[Start of section]

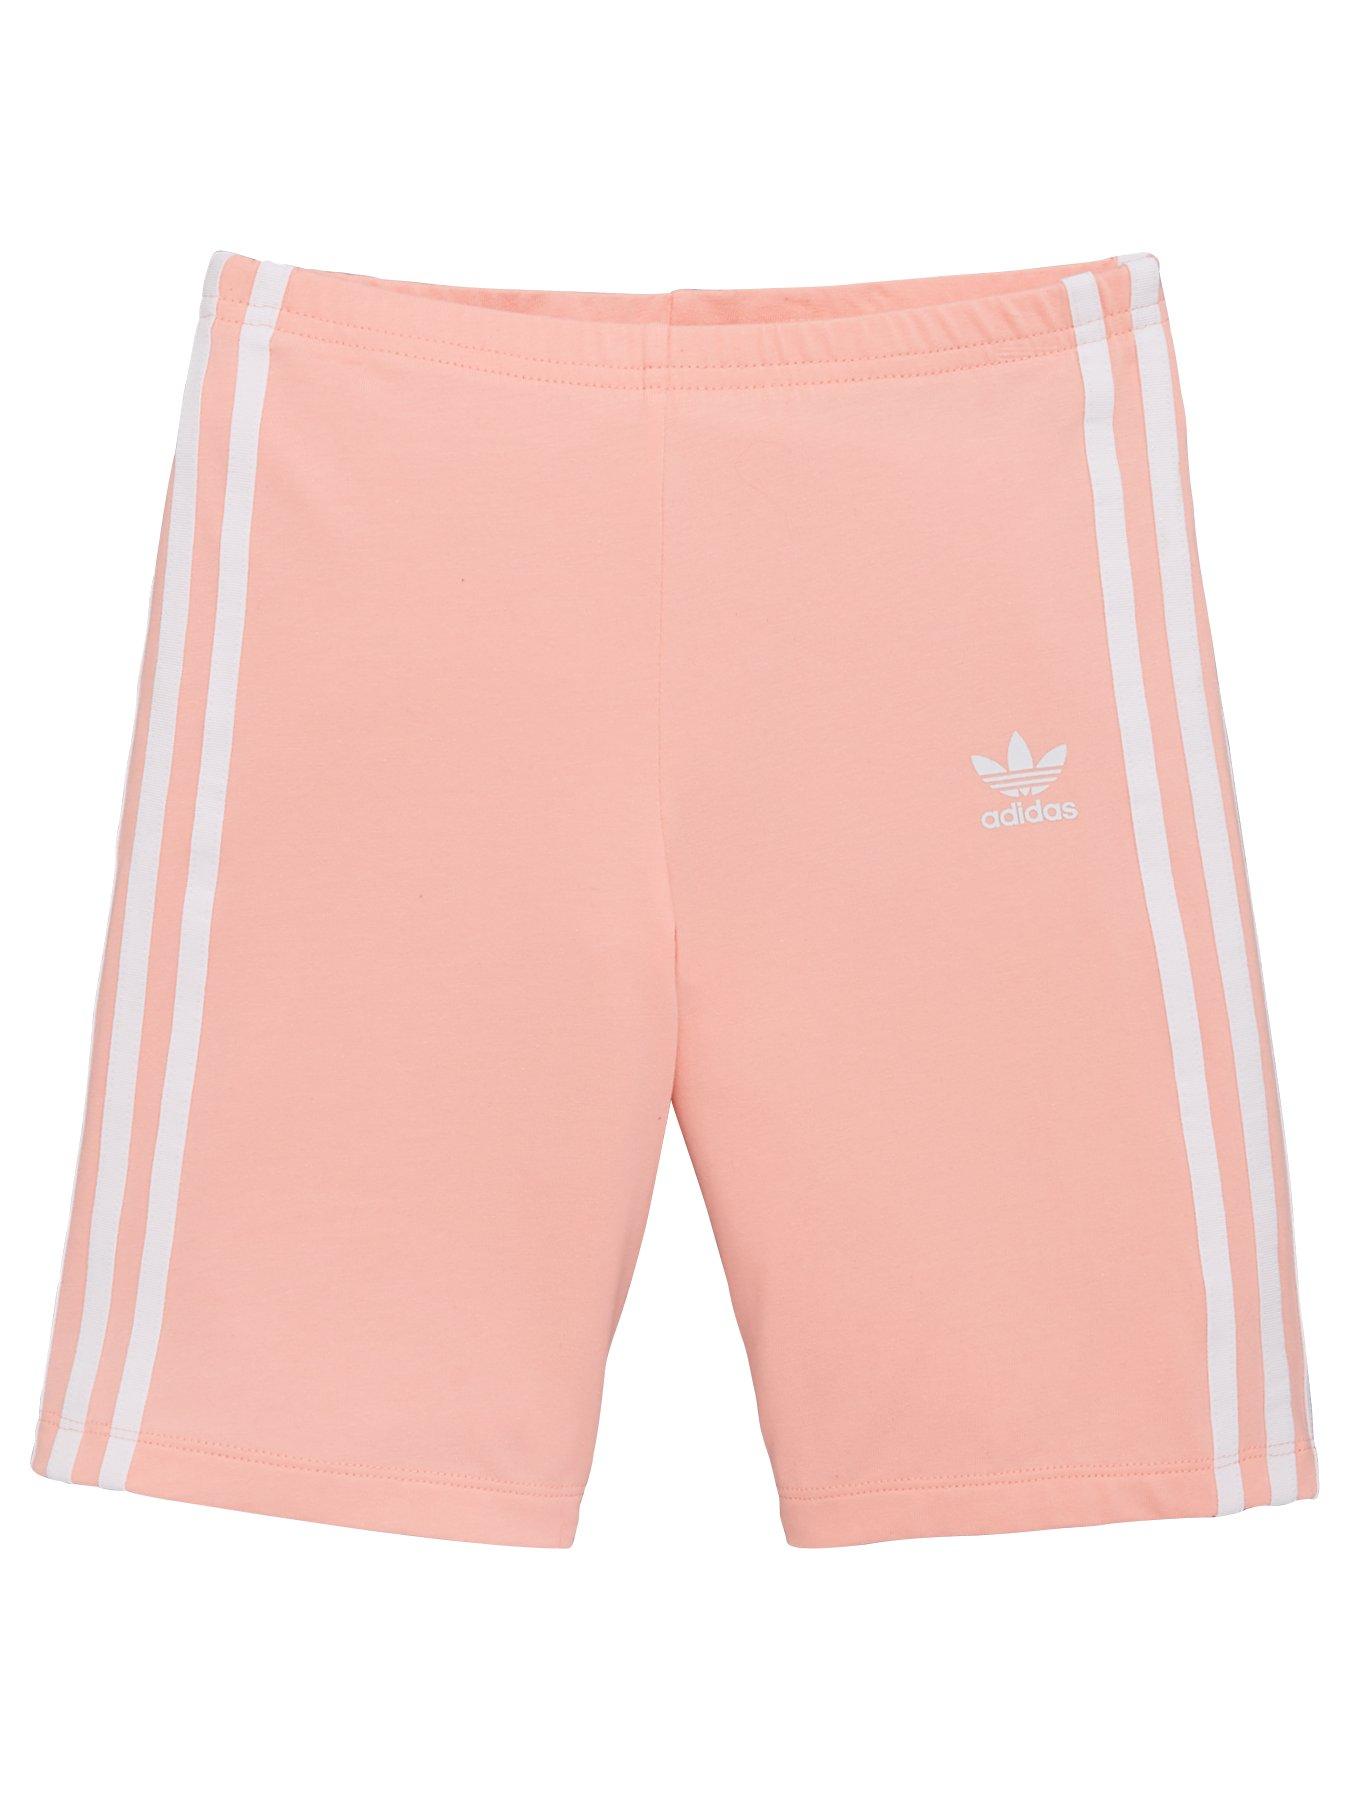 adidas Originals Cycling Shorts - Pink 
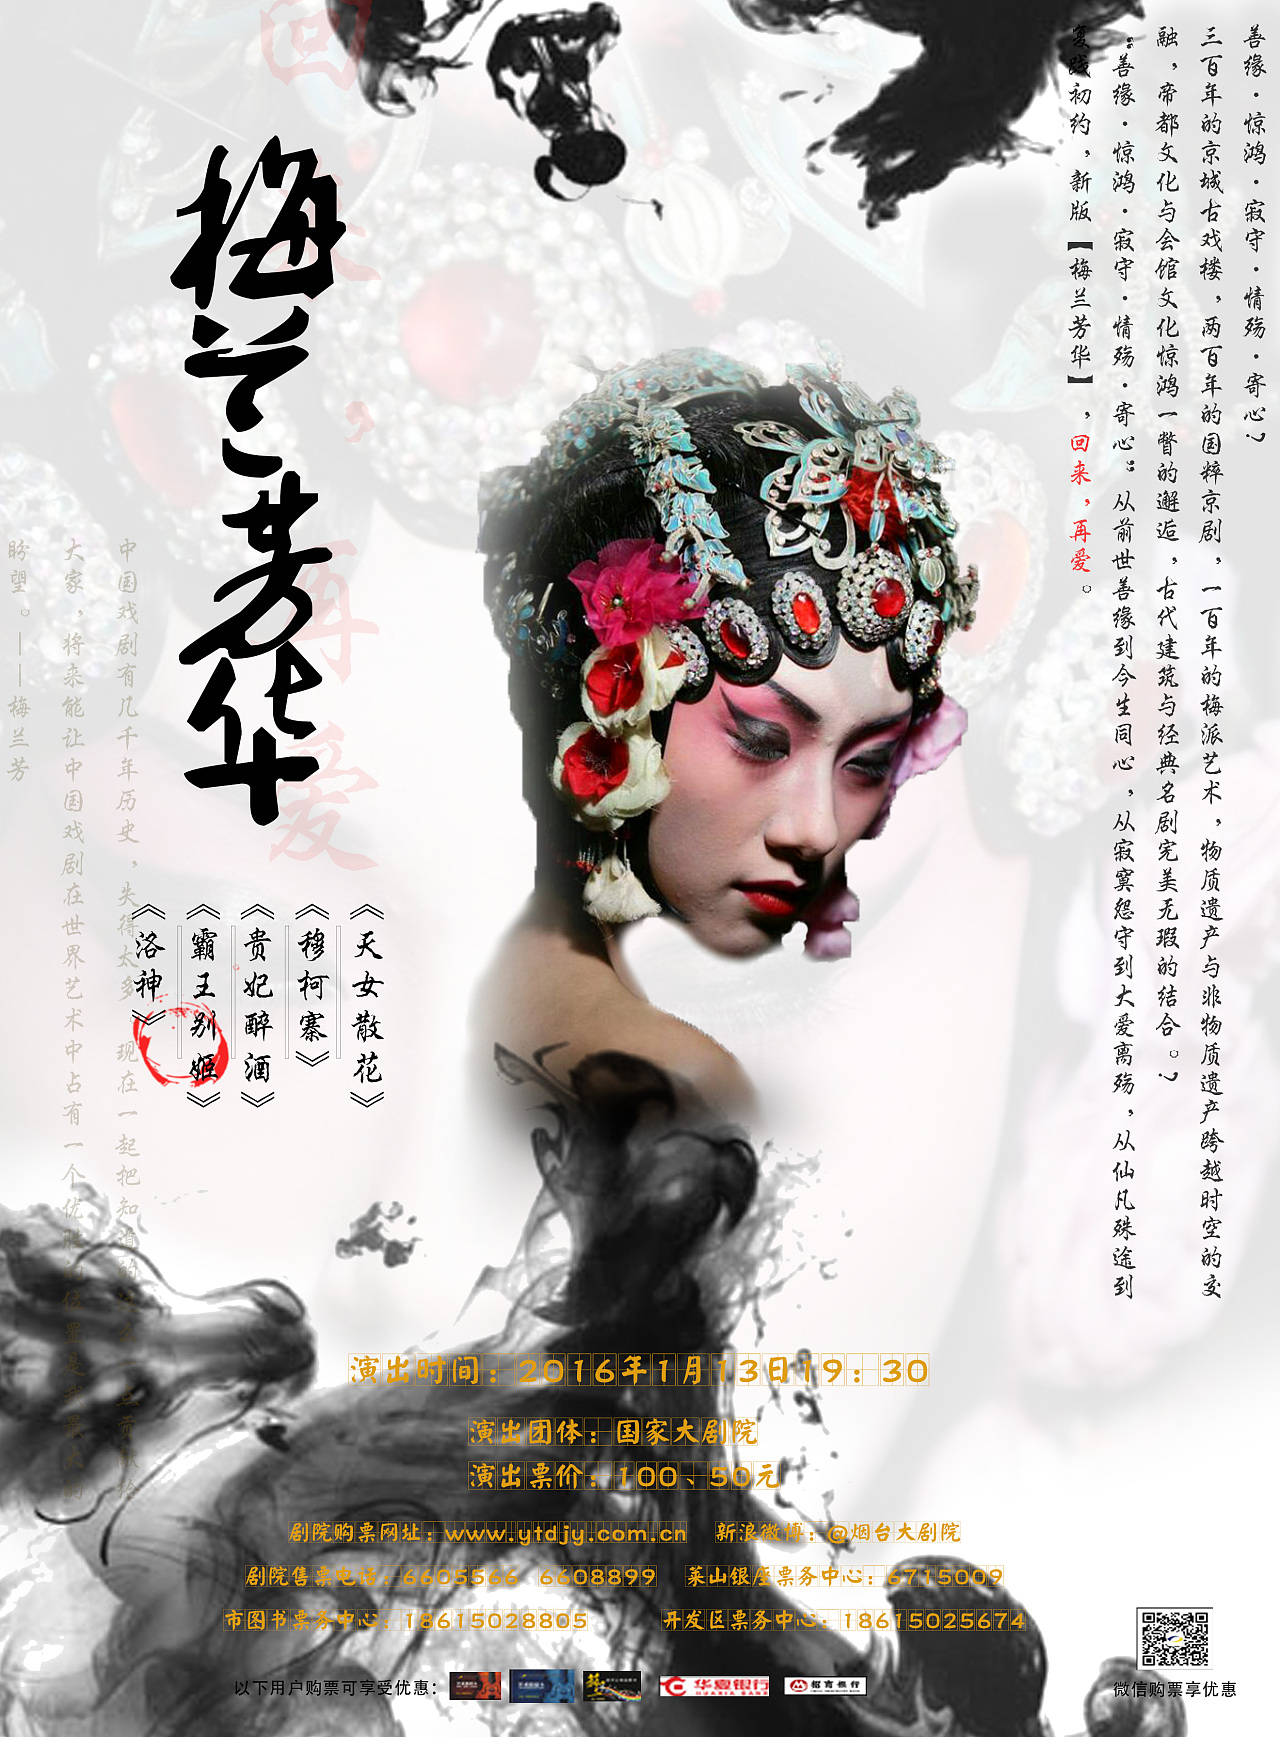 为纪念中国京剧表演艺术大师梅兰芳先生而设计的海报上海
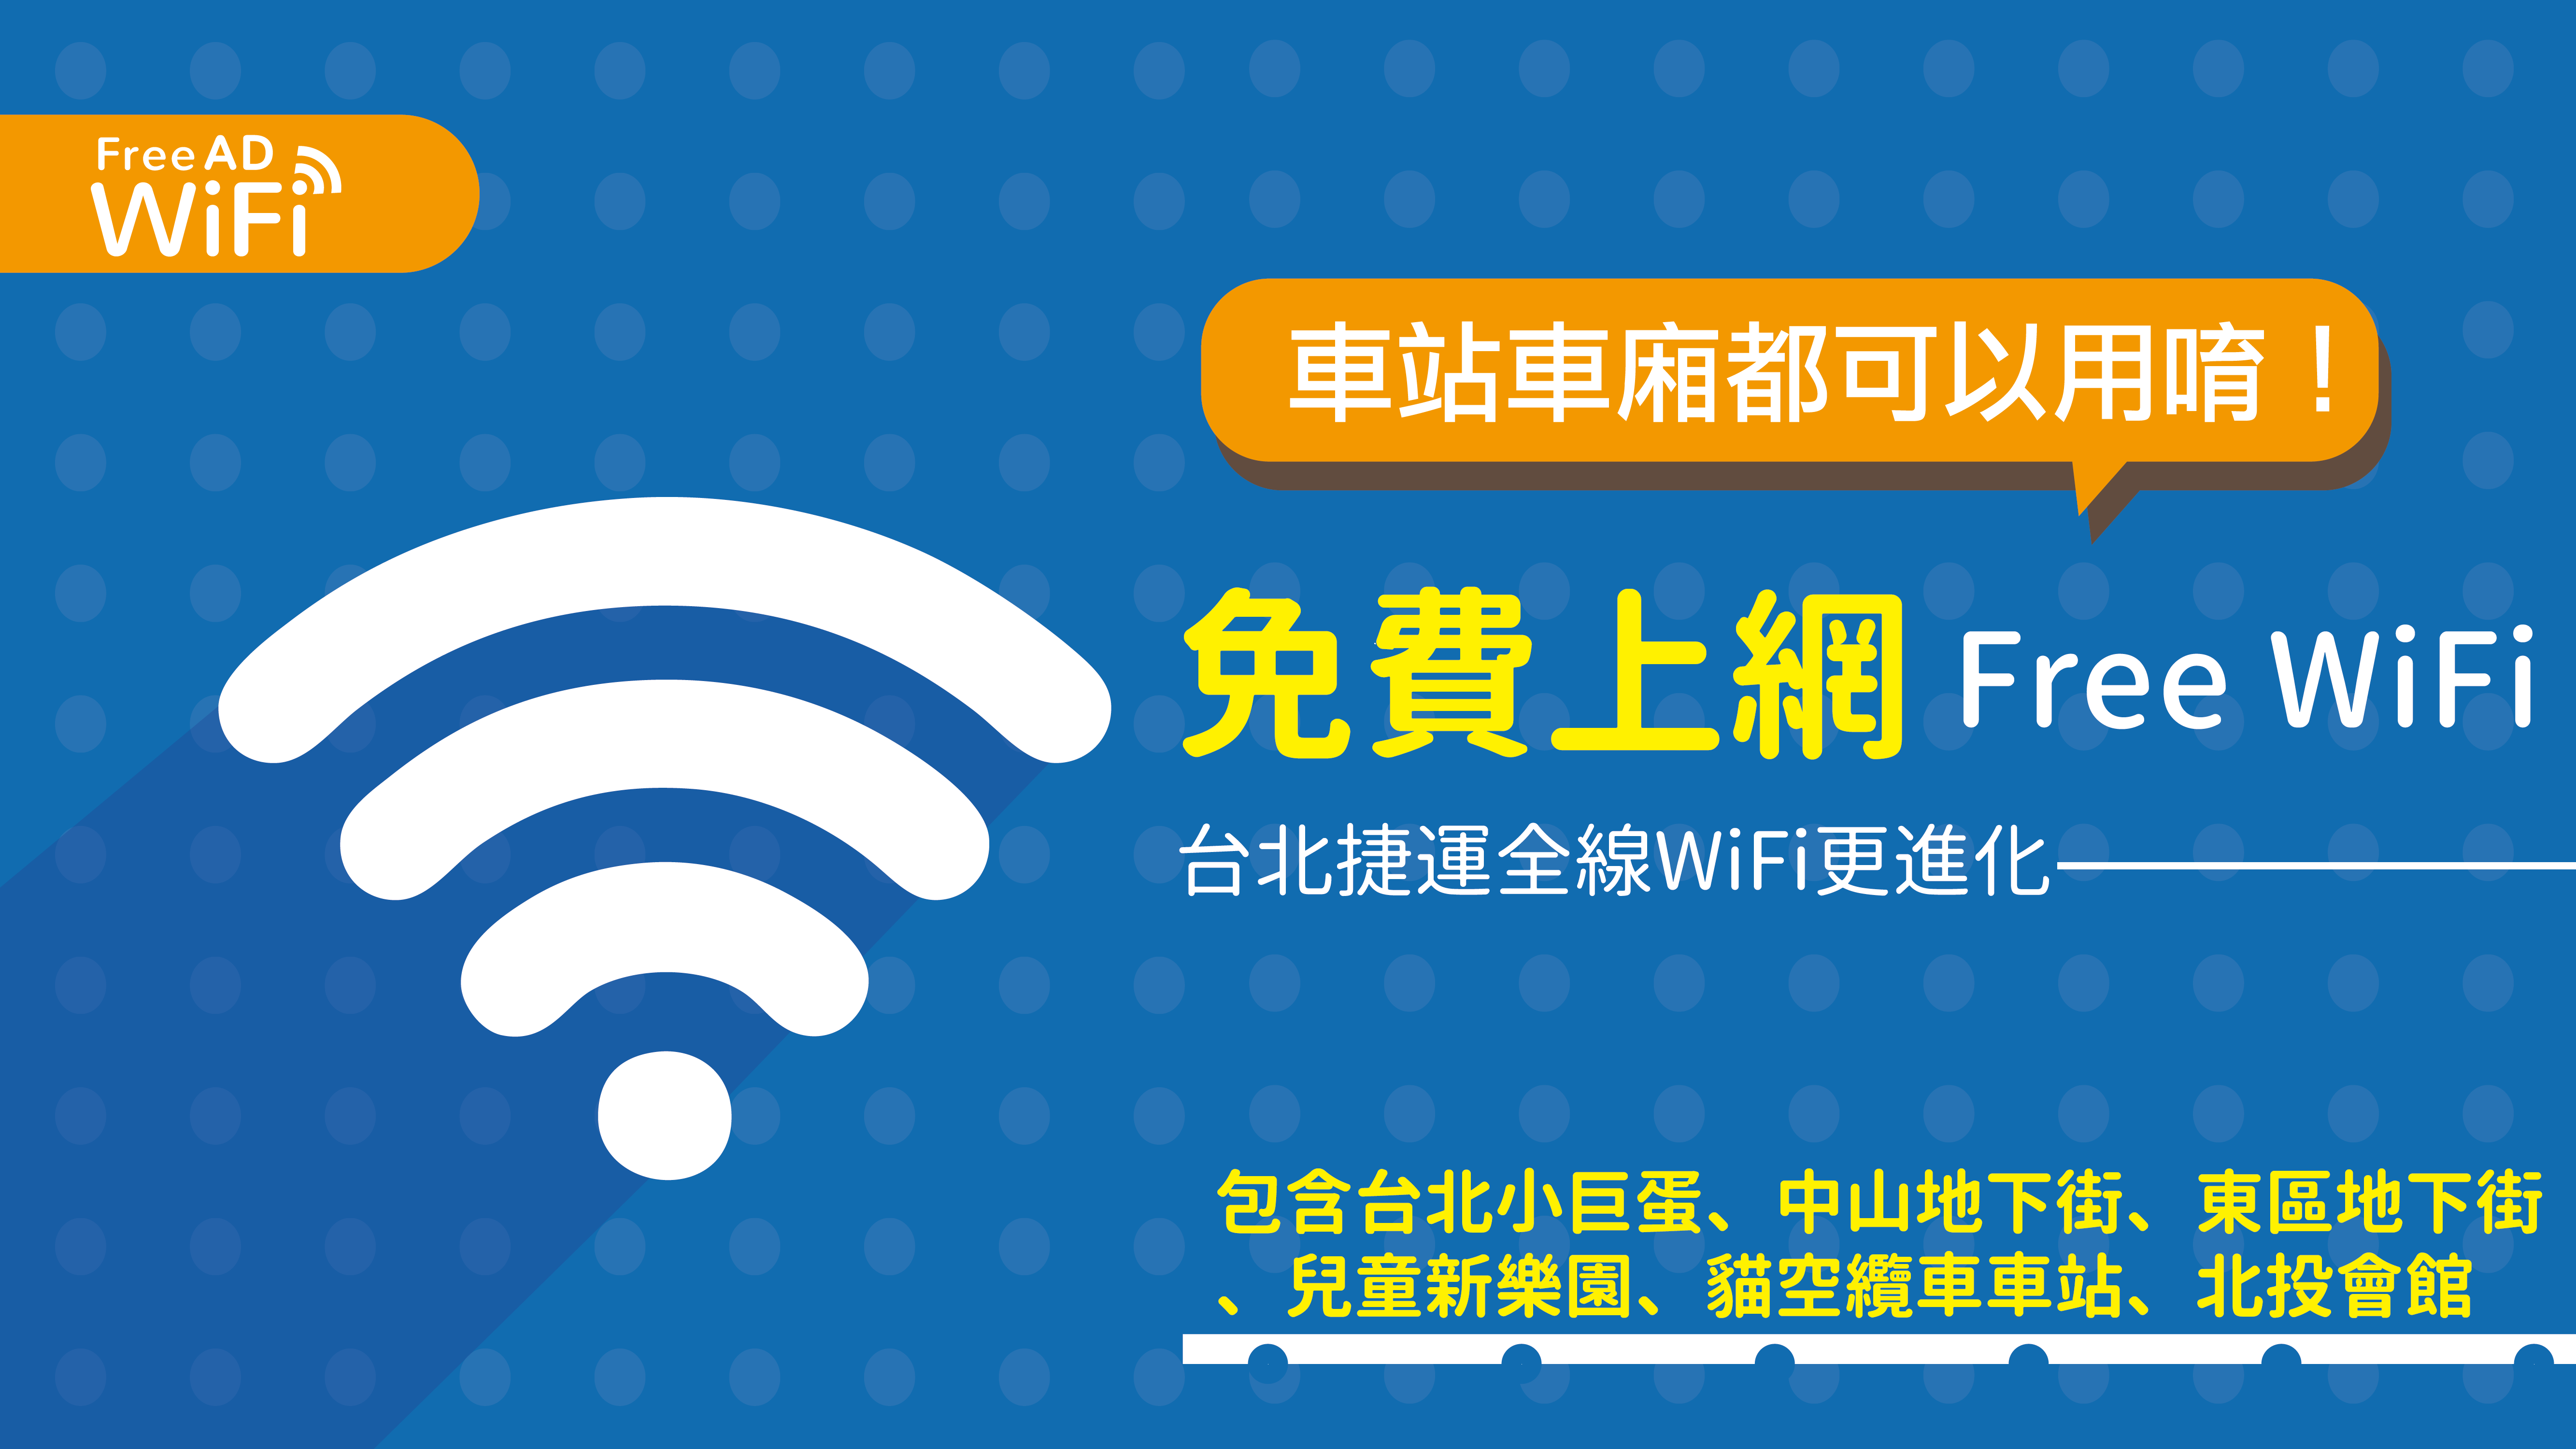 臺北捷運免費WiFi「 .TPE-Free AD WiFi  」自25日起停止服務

[End of section]

» **How to complete this task**
Could you retype every line above exactly as it appears, skipping the pictures?

» **Output for this task**
 adidas Originals Cycling Shorts - Pink 
 为纪念中国京剧表演艺术大师梅兰芳先生而设计的海报上海
 臺北捷運免費WiFi「 .TPE-Free AD WiFi  」自25日起停止服務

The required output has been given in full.